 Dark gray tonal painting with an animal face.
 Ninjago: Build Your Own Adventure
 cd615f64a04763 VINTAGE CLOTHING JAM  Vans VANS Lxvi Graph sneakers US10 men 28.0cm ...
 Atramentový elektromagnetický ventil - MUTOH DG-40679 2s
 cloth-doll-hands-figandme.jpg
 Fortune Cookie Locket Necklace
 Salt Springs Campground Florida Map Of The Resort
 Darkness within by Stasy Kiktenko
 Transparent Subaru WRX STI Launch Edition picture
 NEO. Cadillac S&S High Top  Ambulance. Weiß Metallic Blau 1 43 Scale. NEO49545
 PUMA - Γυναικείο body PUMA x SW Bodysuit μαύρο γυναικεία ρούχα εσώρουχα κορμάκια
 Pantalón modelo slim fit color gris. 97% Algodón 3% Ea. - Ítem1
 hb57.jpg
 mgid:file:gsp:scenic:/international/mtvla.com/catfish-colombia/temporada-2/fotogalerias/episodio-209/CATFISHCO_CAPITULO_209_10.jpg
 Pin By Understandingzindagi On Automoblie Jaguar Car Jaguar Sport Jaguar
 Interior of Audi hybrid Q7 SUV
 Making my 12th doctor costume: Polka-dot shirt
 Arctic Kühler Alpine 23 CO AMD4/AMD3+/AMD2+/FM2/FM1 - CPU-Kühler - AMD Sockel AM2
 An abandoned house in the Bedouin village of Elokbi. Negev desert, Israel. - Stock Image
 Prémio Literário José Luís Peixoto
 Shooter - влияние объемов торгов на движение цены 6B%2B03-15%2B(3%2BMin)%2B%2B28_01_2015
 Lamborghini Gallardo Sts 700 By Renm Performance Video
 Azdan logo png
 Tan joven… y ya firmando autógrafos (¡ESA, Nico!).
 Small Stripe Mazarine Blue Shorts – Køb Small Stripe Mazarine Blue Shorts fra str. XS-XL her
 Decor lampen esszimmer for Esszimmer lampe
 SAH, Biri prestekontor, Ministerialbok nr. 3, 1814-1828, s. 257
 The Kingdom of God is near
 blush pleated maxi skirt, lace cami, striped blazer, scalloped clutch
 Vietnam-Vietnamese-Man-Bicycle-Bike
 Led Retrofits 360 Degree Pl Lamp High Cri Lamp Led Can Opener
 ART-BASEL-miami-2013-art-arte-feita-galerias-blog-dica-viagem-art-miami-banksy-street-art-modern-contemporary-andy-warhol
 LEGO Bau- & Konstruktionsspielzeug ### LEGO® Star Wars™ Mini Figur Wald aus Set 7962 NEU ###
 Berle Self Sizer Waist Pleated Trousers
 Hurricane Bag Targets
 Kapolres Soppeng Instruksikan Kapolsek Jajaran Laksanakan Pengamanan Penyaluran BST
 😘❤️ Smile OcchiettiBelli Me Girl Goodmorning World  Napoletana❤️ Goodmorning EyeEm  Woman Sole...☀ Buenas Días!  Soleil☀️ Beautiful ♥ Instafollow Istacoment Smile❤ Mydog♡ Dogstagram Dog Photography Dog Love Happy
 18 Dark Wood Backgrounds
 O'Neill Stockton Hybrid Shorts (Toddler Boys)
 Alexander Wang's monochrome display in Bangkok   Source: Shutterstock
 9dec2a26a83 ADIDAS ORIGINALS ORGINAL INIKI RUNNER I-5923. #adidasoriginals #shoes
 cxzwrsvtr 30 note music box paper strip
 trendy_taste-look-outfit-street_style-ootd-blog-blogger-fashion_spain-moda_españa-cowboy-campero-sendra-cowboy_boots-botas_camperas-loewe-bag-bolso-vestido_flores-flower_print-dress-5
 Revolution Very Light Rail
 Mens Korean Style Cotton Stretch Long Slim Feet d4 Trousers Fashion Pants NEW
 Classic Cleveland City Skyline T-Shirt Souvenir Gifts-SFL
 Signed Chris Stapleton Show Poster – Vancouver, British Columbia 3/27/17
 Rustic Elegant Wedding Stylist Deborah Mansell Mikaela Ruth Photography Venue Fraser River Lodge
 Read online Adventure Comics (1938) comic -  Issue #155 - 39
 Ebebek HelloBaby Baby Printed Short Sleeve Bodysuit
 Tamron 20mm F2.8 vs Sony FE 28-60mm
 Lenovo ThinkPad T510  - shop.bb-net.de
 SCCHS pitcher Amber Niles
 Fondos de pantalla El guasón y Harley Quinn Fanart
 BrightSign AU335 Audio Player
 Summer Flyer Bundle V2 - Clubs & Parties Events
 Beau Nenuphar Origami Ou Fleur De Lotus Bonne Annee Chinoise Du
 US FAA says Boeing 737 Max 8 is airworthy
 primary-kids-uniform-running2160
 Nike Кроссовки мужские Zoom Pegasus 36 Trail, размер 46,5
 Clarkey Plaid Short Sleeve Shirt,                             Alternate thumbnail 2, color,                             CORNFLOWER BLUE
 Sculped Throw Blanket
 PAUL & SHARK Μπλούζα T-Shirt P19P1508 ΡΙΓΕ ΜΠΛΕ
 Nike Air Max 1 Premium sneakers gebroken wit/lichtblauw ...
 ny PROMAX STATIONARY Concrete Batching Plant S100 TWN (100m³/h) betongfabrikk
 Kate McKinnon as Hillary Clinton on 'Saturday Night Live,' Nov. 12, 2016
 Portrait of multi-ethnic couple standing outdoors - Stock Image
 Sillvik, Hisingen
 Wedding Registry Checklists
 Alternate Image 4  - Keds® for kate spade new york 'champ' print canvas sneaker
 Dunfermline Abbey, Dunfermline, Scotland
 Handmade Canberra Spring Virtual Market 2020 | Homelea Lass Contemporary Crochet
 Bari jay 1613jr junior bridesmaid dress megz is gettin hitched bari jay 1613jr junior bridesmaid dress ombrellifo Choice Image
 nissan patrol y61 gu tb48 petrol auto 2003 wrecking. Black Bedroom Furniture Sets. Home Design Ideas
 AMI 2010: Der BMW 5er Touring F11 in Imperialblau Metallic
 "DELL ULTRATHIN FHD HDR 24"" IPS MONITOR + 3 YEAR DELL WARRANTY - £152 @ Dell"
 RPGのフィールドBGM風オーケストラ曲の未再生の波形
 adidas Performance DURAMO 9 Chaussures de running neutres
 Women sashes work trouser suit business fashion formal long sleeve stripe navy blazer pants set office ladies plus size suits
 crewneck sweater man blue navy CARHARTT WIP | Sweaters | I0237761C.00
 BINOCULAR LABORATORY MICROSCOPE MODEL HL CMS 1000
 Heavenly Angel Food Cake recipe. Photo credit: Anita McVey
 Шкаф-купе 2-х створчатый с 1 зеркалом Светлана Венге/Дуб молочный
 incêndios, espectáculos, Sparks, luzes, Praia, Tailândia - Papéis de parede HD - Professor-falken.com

□ □ □ □

Your instructions:
Copy only this part of the entries above: the line with "An abandoned house", the line with "Led Retrofits 360", and the lines between, all exactly as written.

Result of this exercise:
 An abandoned house in the Bedouin village of Elokbi. Negev desert, Israel. - Stock Image
 Prémio Literário José Luís Peixoto
 Shooter - влияние объемов торгов на движение цены 6B%2B03-15%2B(3%2BMin)%2B%2B28_01_2015
 Lamborghini Gallardo Sts 700 By Renm Performance Video
 Azdan logo png
 Tan joven… y ya firmando autógrafos (¡ESA, Nico!).
 Small Stripe Mazarine Blue Shorts – Køb Small Stripe Mazarine Blue Shorts fra str. XS-XL her
 Decor lampen esszimmer for Esszimmer lampe
 SAH, Biri prestekontor, Ministerialbok nr. 3, 1814-1828, s. 257
 The Kingdom of God is near
 blush pleated maxi skirt, lace cami, striped blazer, scalloped clutch
 Vietnam-Vietnamese-Man-Bicycle-Bike
 Led Retrofits 360 Degree Pl Lamp High Cri Lamp Led Can Opener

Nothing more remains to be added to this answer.